» **THE PROBLEM**: Could you output the whole listing exactly as it stands, minus any images?

» **SUPPLIED INFORMATION**:
-------------------------
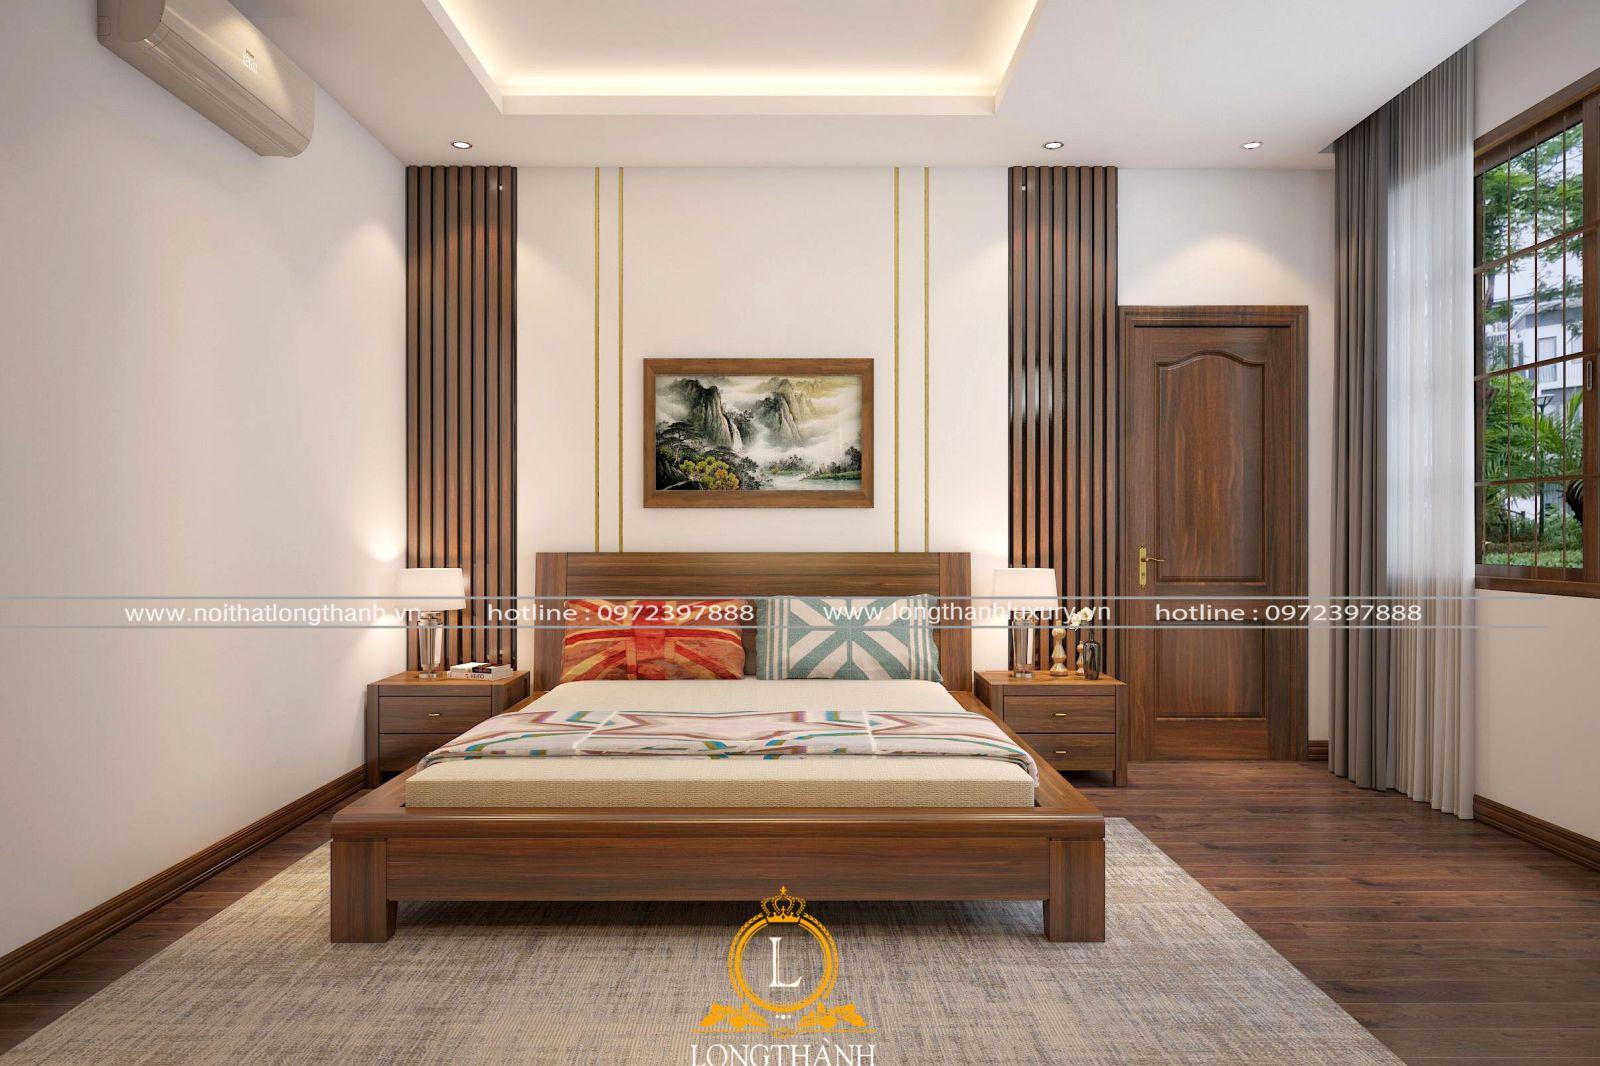 Phòng ngủ hiện đại đơn giản được thiết kế ngăn nắp
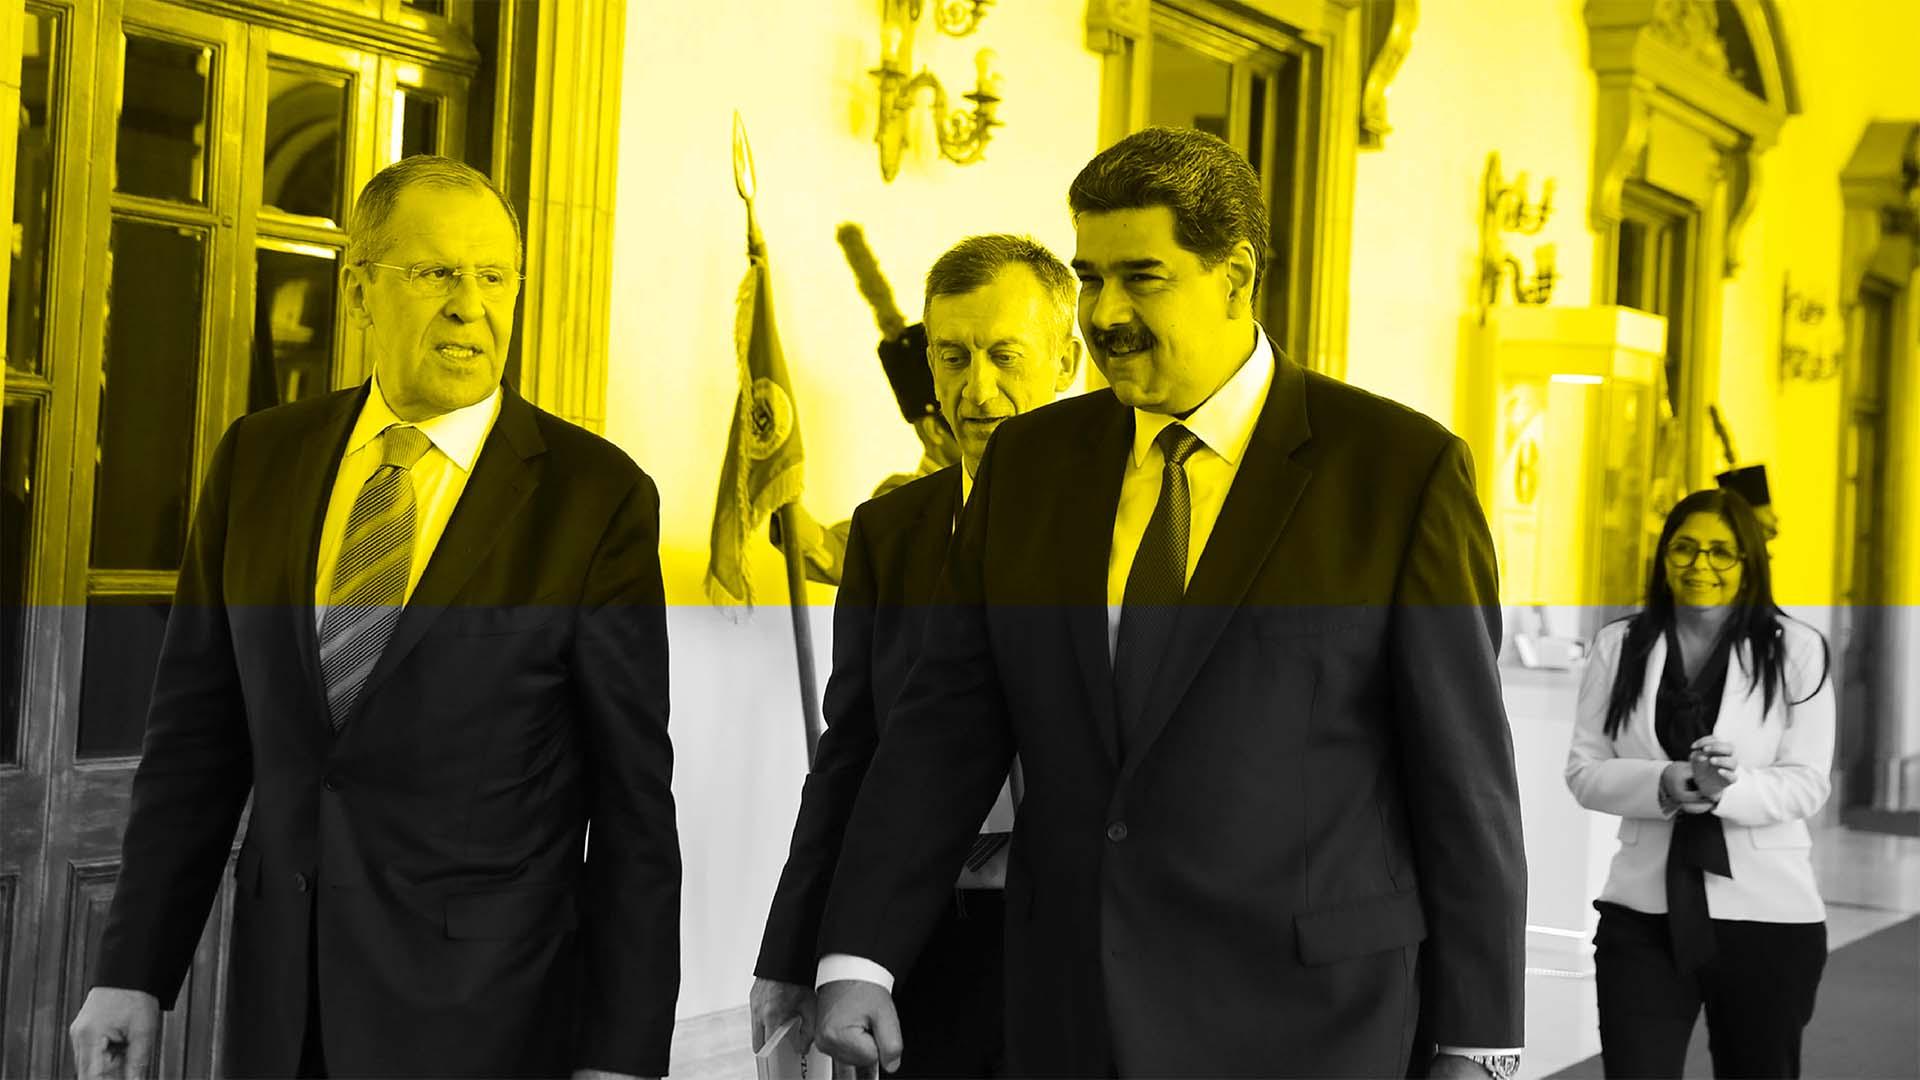 Informe Otálvora, ee.uu. unifica sanciones militares a Maduro, China y Ruisa
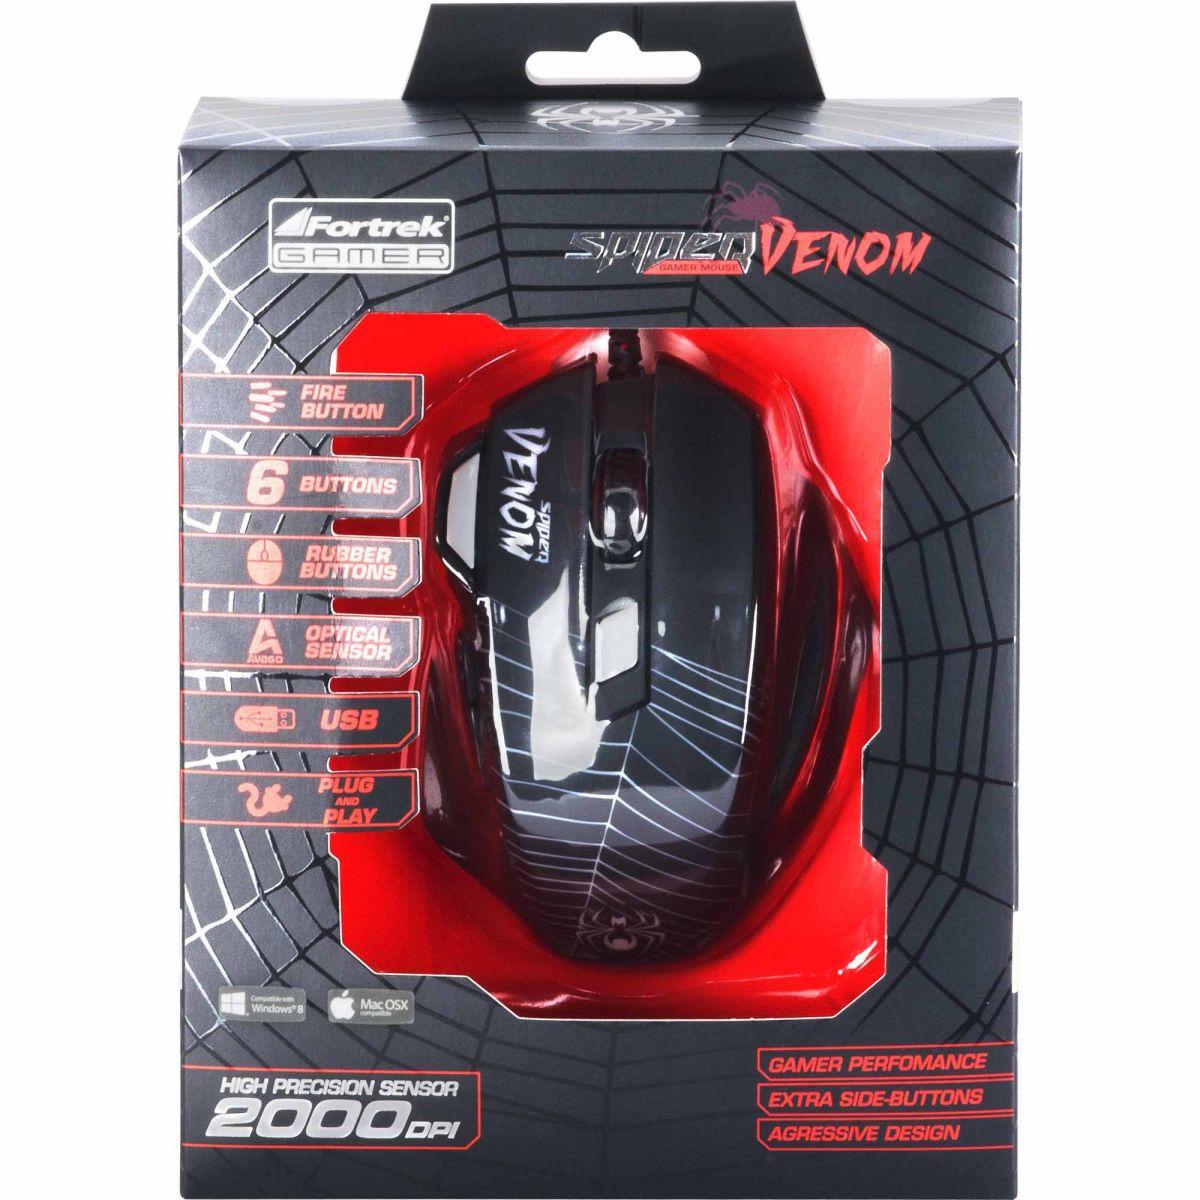 Mouse Gamer SPIDER VENOM OM-704 Preto/Vermelho
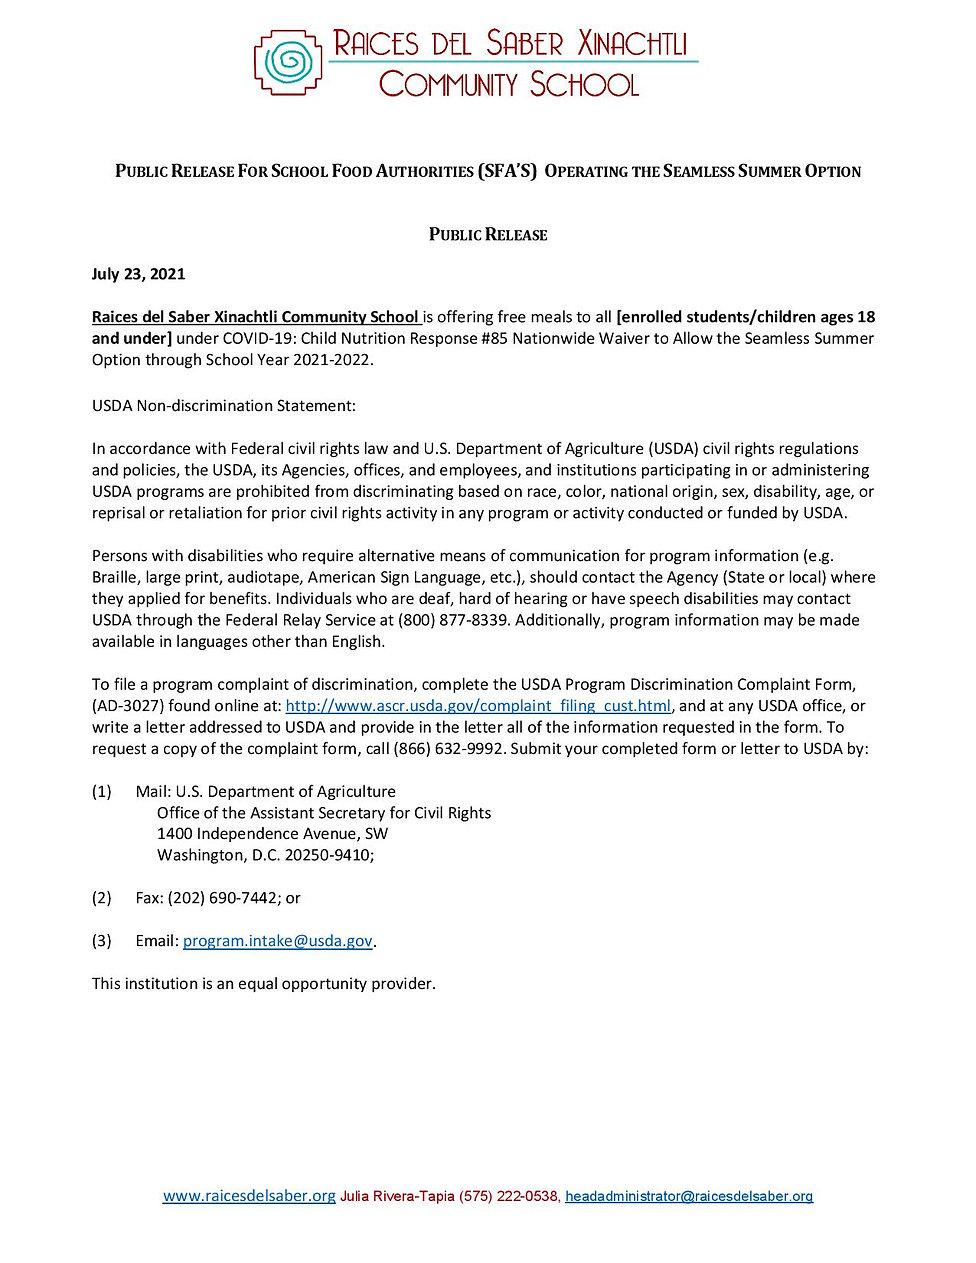 SSO Public Release 21-22-page-001.jpg
-------------------------
» **RESPONSE**:
 Phòng ngủ hiện đại đơn giản được thiết kế ngăn nắp
 Informe Otálvora, ee.uu. unifica sanciones militares a Maduro, China y Ruisa
 Mouse Gamer SPIDER VENOM OM-704 Preto/Vermelho
 SSO Public Release 21-22-page-001.jpg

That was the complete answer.